Analysis of the ITDs
[0042] The ITDs are determined by the time or phase alignment which
gives the best match between the waveforms of both channels. One
method to obtain the ITD is to compute the cross-correlation
function between two corresponding subband signals and searching
for the maximum. The delay that corresponds to this maximum in the
cross-correlation function can be used as ITD value.
[0043] A second method is to compute the analytic signals of the
left and right subband (i.e., computing phase and envelope values)
and use the phase difference between the channels as IPD parameter.

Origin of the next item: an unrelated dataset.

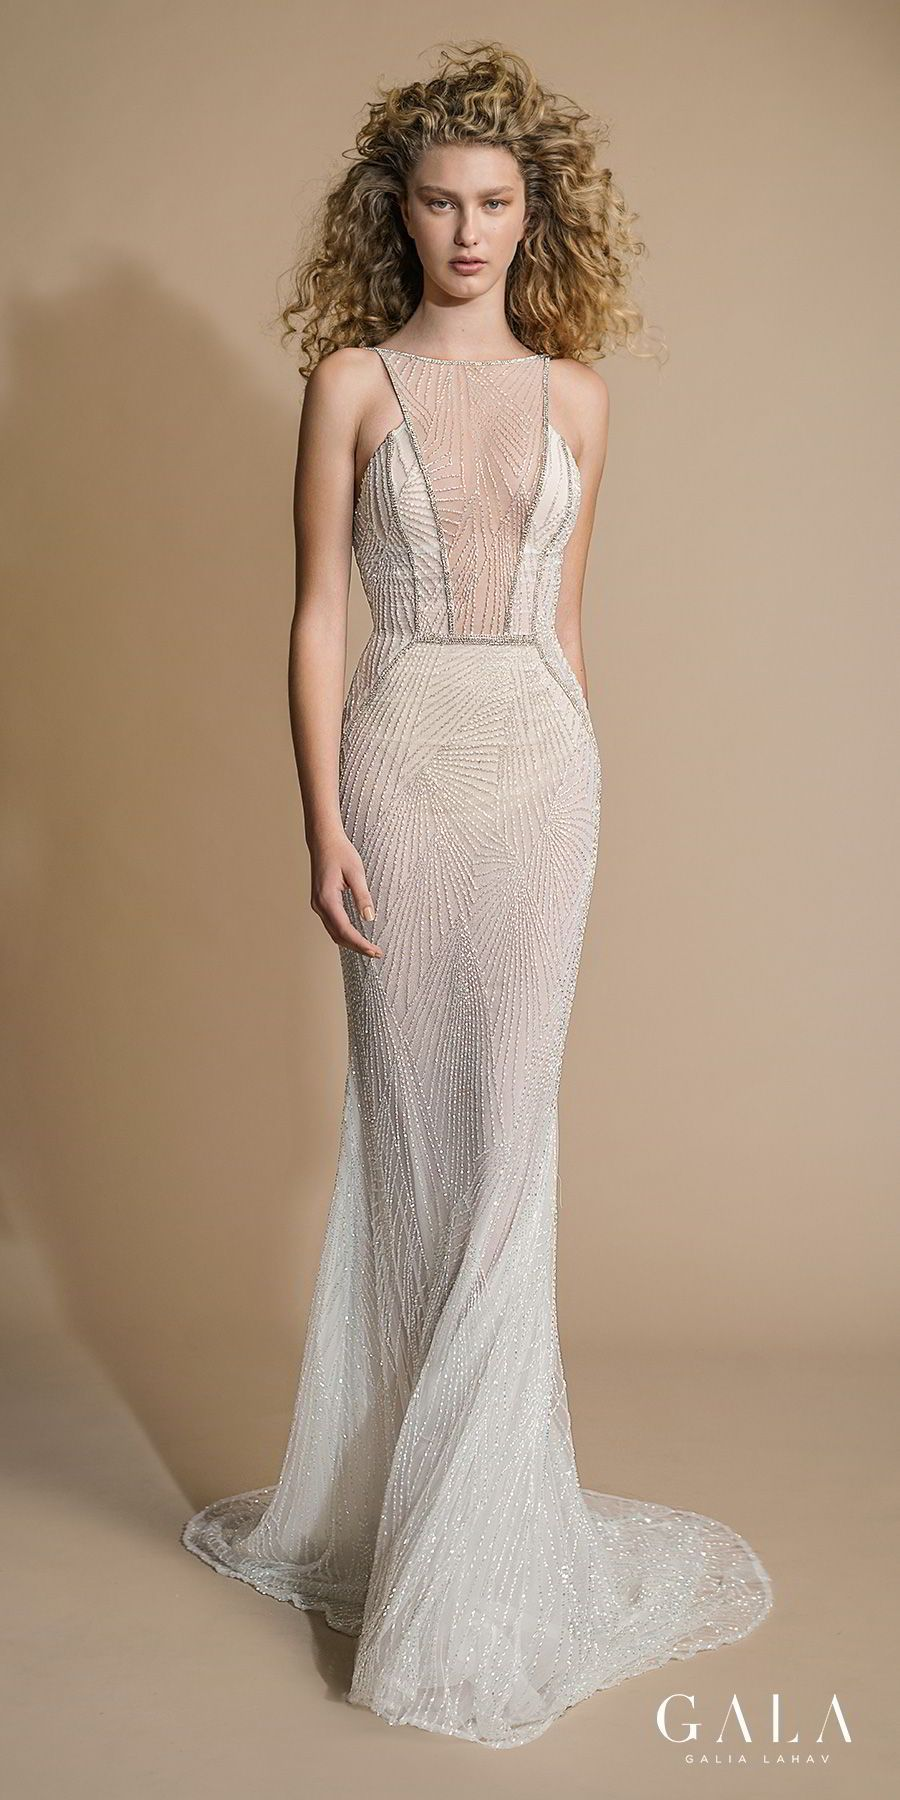 GALA by Galia Lahav Collection No. VI — These Wedding Dresses are ...
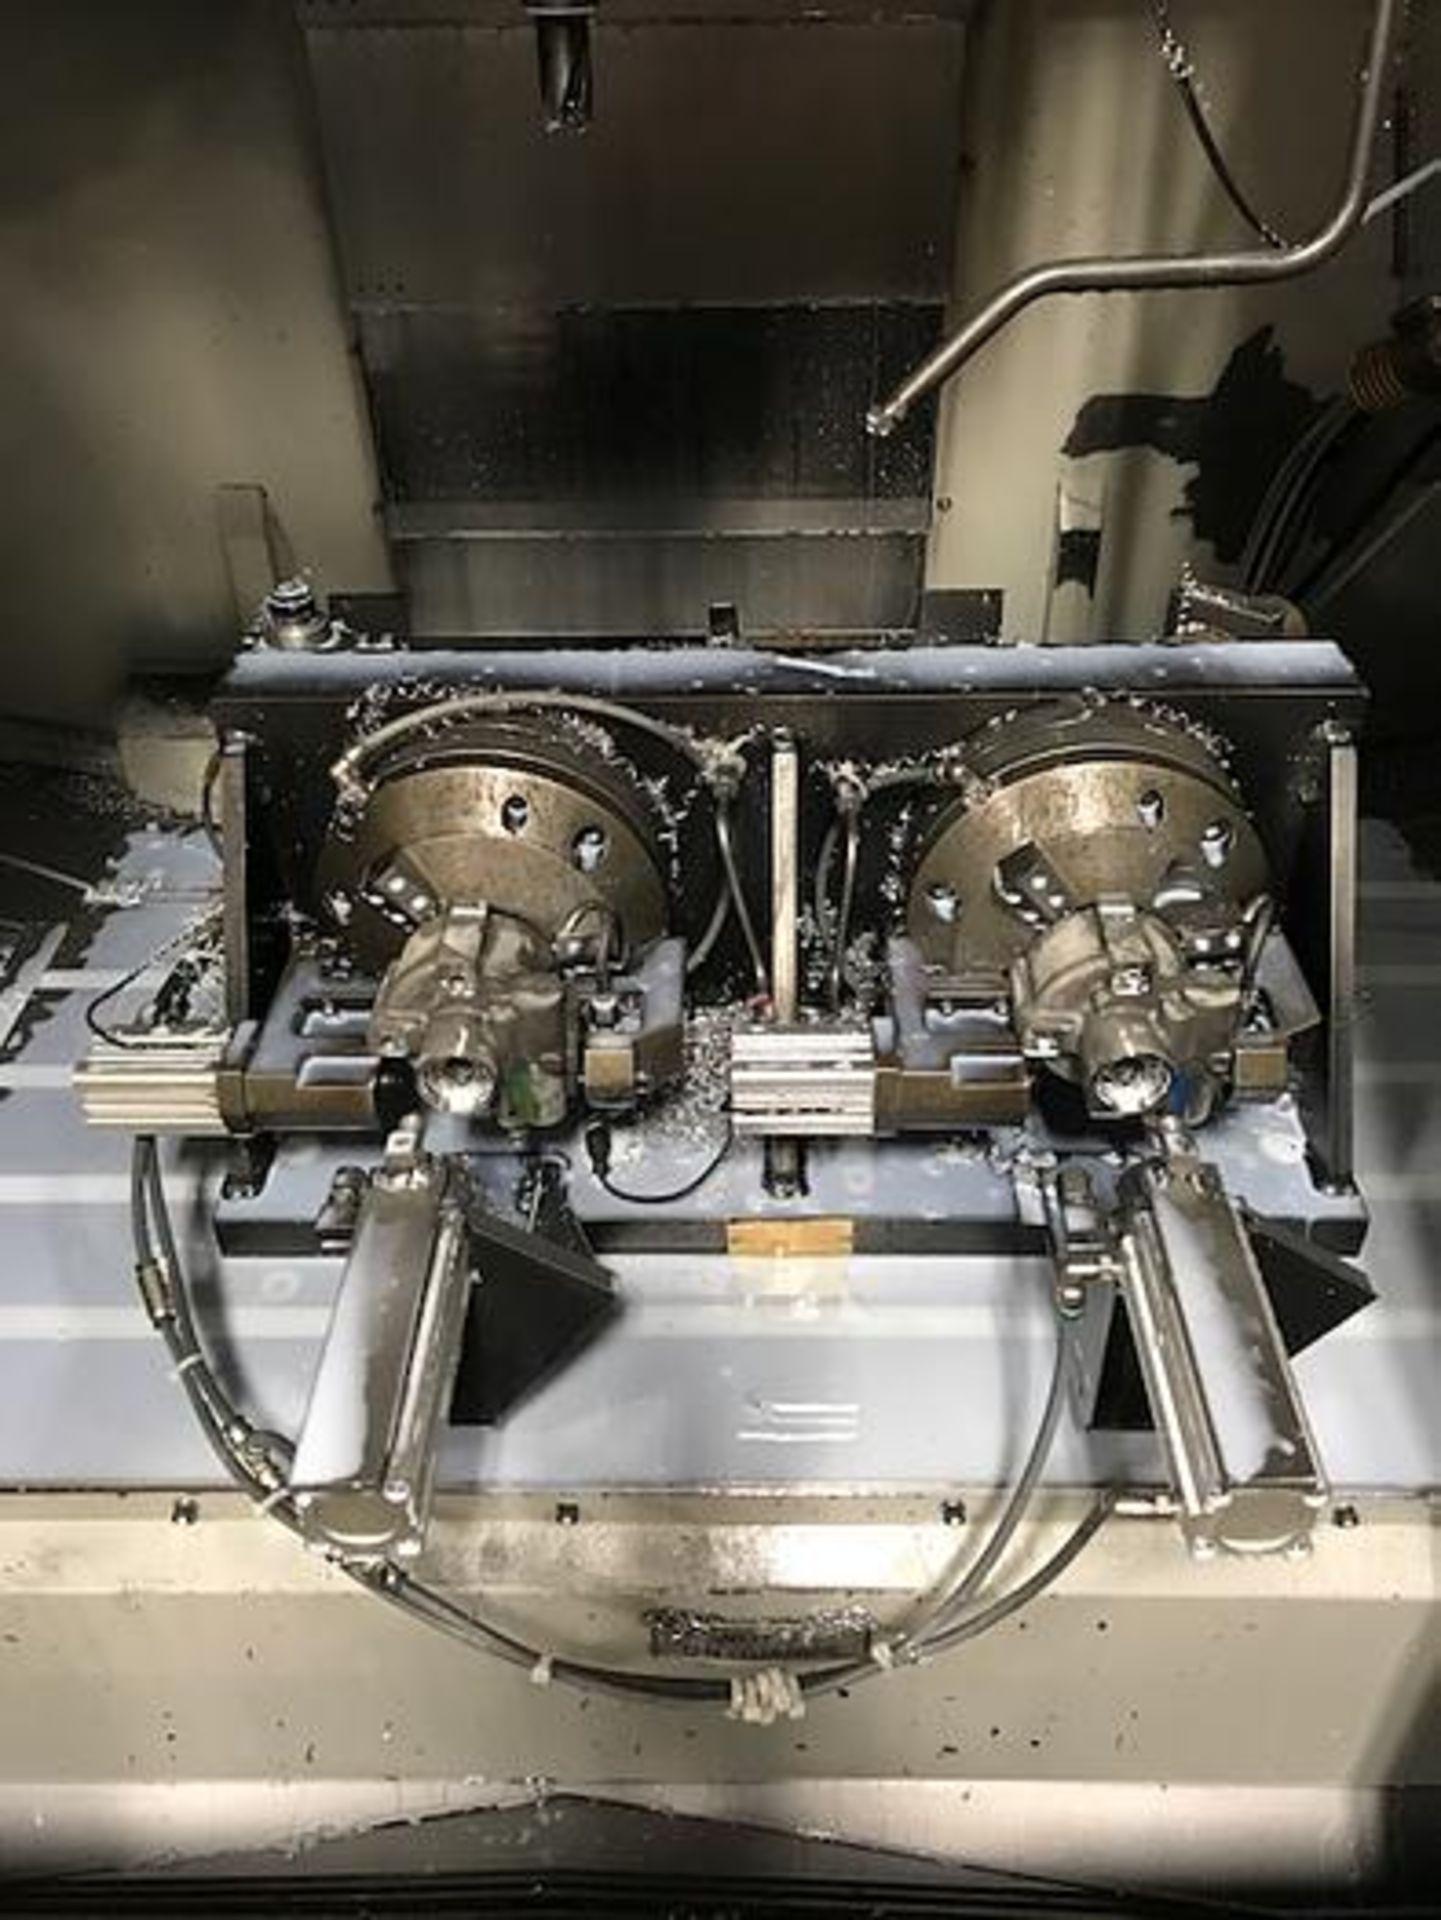 "HARDINGE XR760 CNC VMC PRODUCTION CENTER 30""X24""X24"", YEAR 2010, SN XRAB0A0001 - Image 11 of 12"

Here, a complex filterbank (e.g. an FFT) is used and by looking at
a certain bin (frequency region) a phase function can be derived
over time. By doing this for both left and right channel, the phase
difference IPD (rather then cross-correlating two filtered signals)
can be estimated.
Analysis of the Correlation
[0044] The correlation is obtained by first finding the ILD and ITD
that gives the best match between the corresponding subband signals
and subsequently measuring the similarity of the waveforms after
compensation for the ITD and/or ILD. Thus, in this framework, the
correlation is defined as the similarity or dissimilarity of
corresponding subband signals which can not be attributed to ILDs
and/or ITDs. A suitable measure for this parameter is the
coherence, which is the maximum value of the cross-correlation
function across a set of delays. However, other measures could also
be used, such as the relative energy of the difference signal after
ILD and/or ITD compensation compared to the sum signal of
corresponding subbands (preferably also compensated for ILDs and/or
ITDs). This difference parameter is basically a linear
transformation of the (maximum) correlation.
Parameter Quantization
[0045] An important issue of transmission of parameters is the
accuracy of the parameter representation (i.e., the size of
quantization errors), which is directly related to the necessary
transmission capacity and the audio quality. In this section,
several issues with respect to the quantization of the spatial
parameters will be discussed. The basic idea is to base the
quantization errors on so-called just-noticeable differences (JNDs)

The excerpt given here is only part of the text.